#$&*
course phy 232
i didn't do number 6, the last one on the practice test. I was too tired and I don't think I knew how to go about solving it anyway. I haven't done the brief bottle experiment lab 2d yet and I think that one had something to do with that problem.
110214 Physics IIThe document
http://vhcc2.vhcc.edu/ph2spring99/classes_2003/0212.htm
consists of a practice test with notes on solutions. Test problems are in italics. You should try to work the problems without viewing. Here is a list of the problems:
Problem Number 1
Assuming that your lungs can function when under a pressure of 7.8 kPa, what is the deepest you could be under water and still breathe through a tube to the surface?
****
7.8 kPa Is 7800 N/m^2, and the change in pressure is rho*g*y, I know rho and g, so I need to know the y distance that will satisfy 7.8 kPa..so here's the setup: 7800 N/m^2 = (1000kg/m^3)(9.81 m/s^2)(X)
so X=1.26 meters
#$&*
Problem Number 2
There is a small amount of water at the bottom of a sealed container of volume 7.6 liters which is otherwise full of an ideal gas. A thin tube open to the atmosphere extends down into the water, and up to a height of 143 cm. The system is initially at atmospheric pressure and temperature 141 Celsius.
If we increase the temperature of the gas until water rises in the tube to a height of 99 cm, then what is the temperature at that instant?
****
I know P0= 101325 Pa, I know V1=V0=7600 cm^3, and I know T0= 414 K, I also know that P1=P0 +rho*g*y, so using the ideal gas law, I can find the required temperature for a height of 99 cm.
So I know P0V0/T0=P1V1/T1, which is: T1=[(101325+(1000*9.81*.099))/101325]414
so T1 is 417.98 K, or a temperature change of 3.97 K
@& Good, if the increase in y is .099 m.
However 99 cm is 0.99 m, so the temperature change would be about 10 times what you calculated.*@
#$&*
Problem Number 3
A diatomic gas in a 1.5-liter container is originally at 25 Celsius and atmospheric pressure. It is heated at constant volume until its pressure has increased by .86 atm, then at constant pressure until the gas has increased its volume by .39 liters. How much thermal energy is required? By how much does the internal energy of the gas change? How much work is done in the process?
****
P0=101325 Pa, P1=188465 Pa, V1=V0=1500 cm^3, T0=298 K, using the ideal gas law, I know T1=554 K
for the part with increased volume, I know V2=1890 cm^3, using PV=nRT, for T2, I get 698 K, P2=P1=188465 Pa.
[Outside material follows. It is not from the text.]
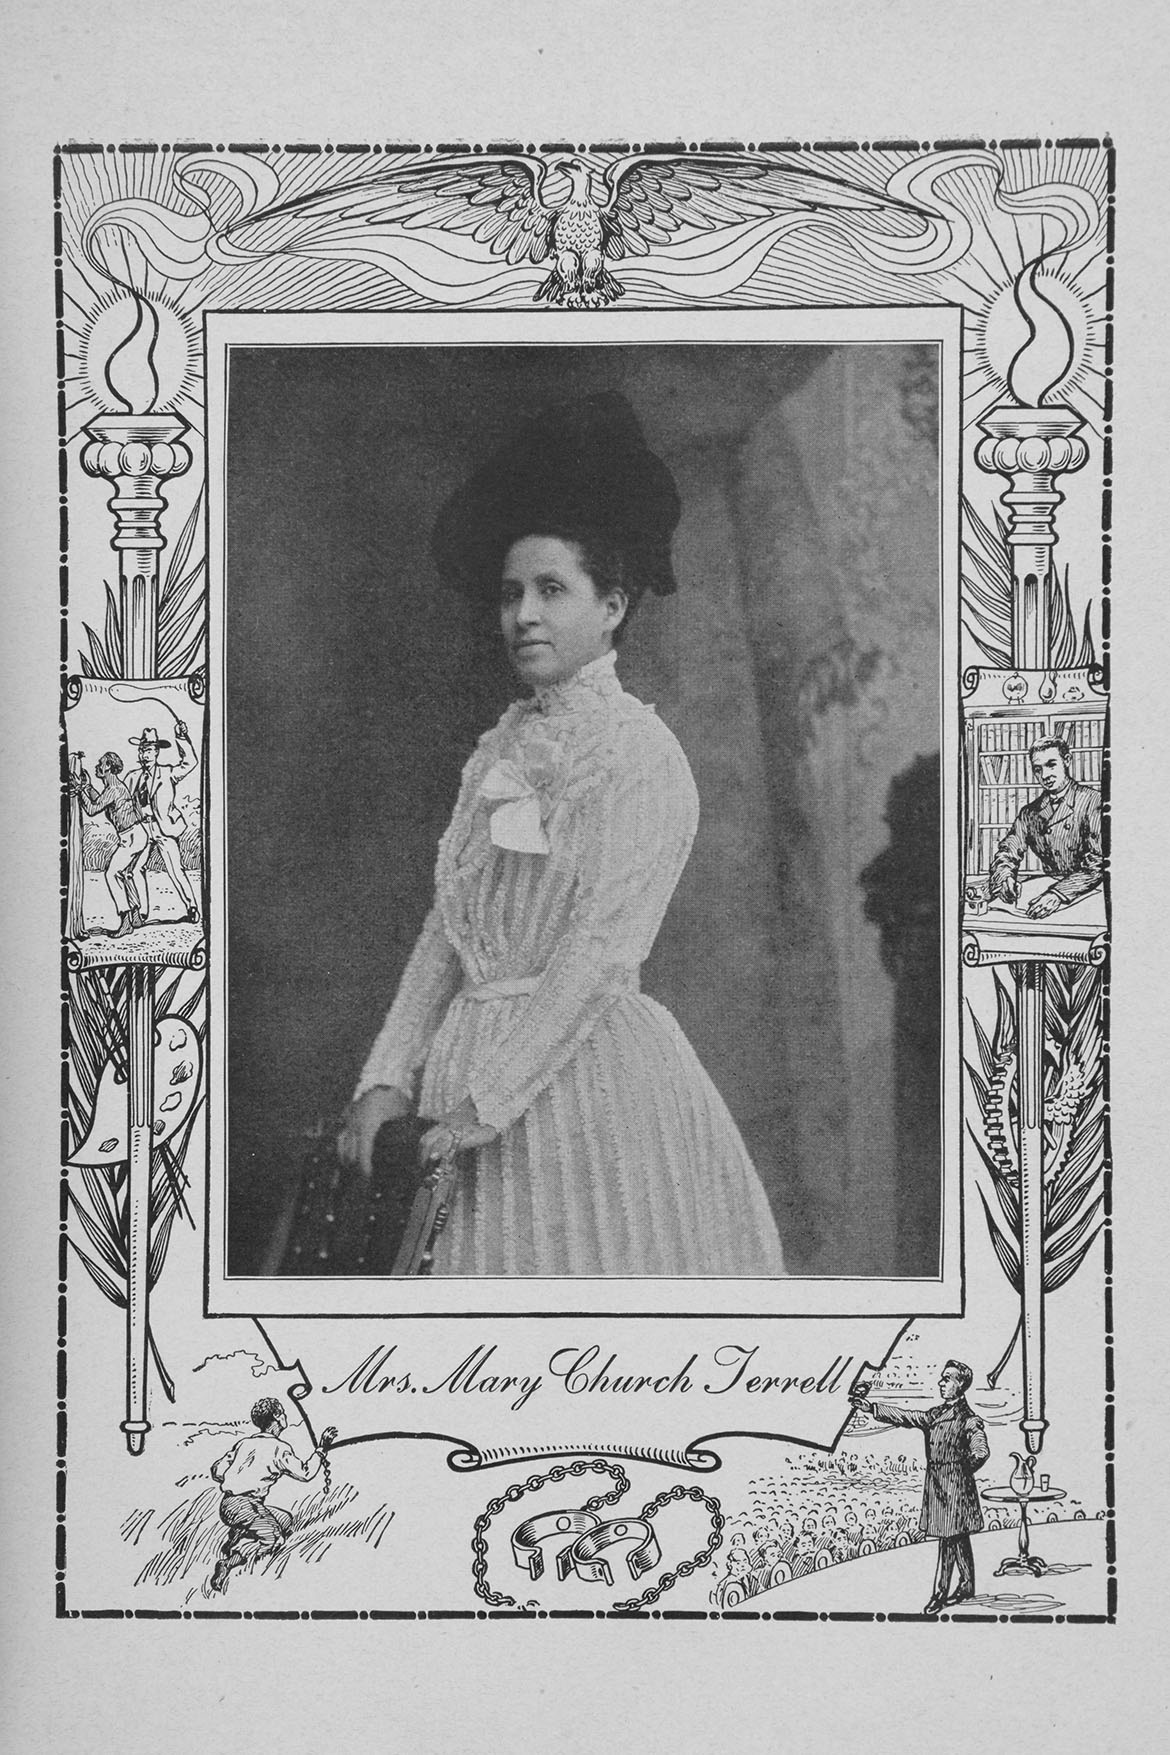 An image of Mary Church Terrell wearing a white dress and black hat. She is standing with her hands resting against a chair.

So know for the thermal energy required for both processes: for the constant volume, I get (5/2)nRT, since the gas is diatomic. The the constant pressure, I get (7/2)nRT, to account for the increasing volume. T is the change in temperature during these two processes. So for total Thermal Energy required is: [(5/2)nR(256)]+[(7/2)nR(144)], using the ideal gas law, I can solve for n, which is .061 mol. I know R is Regnault's Gas Constant of 8.31 J/(K*mol), so my new answer is: 506.9 J
Problem Number 4
Water is descending in a vertical pipe of diameter 8 cm. At a certain level the water flows into a smaller pipe of diameter 1.2 cm. At a certain instant the gauge pressure of the water at a point 80 cm above the narrowing point is 86.6 kPa and the water there is moving at 94 cm/s. What is the gauge pressure of the water just above the narrowing point? What is the pressure change across the narrowing point?
****
I feel strongly that I should use bernoulli's equation, since it mentions pressure, height of water, and speed of water. For this equation, lets use p=rho, and P=pressure. So I have pgy+.5pv^2+P=constant.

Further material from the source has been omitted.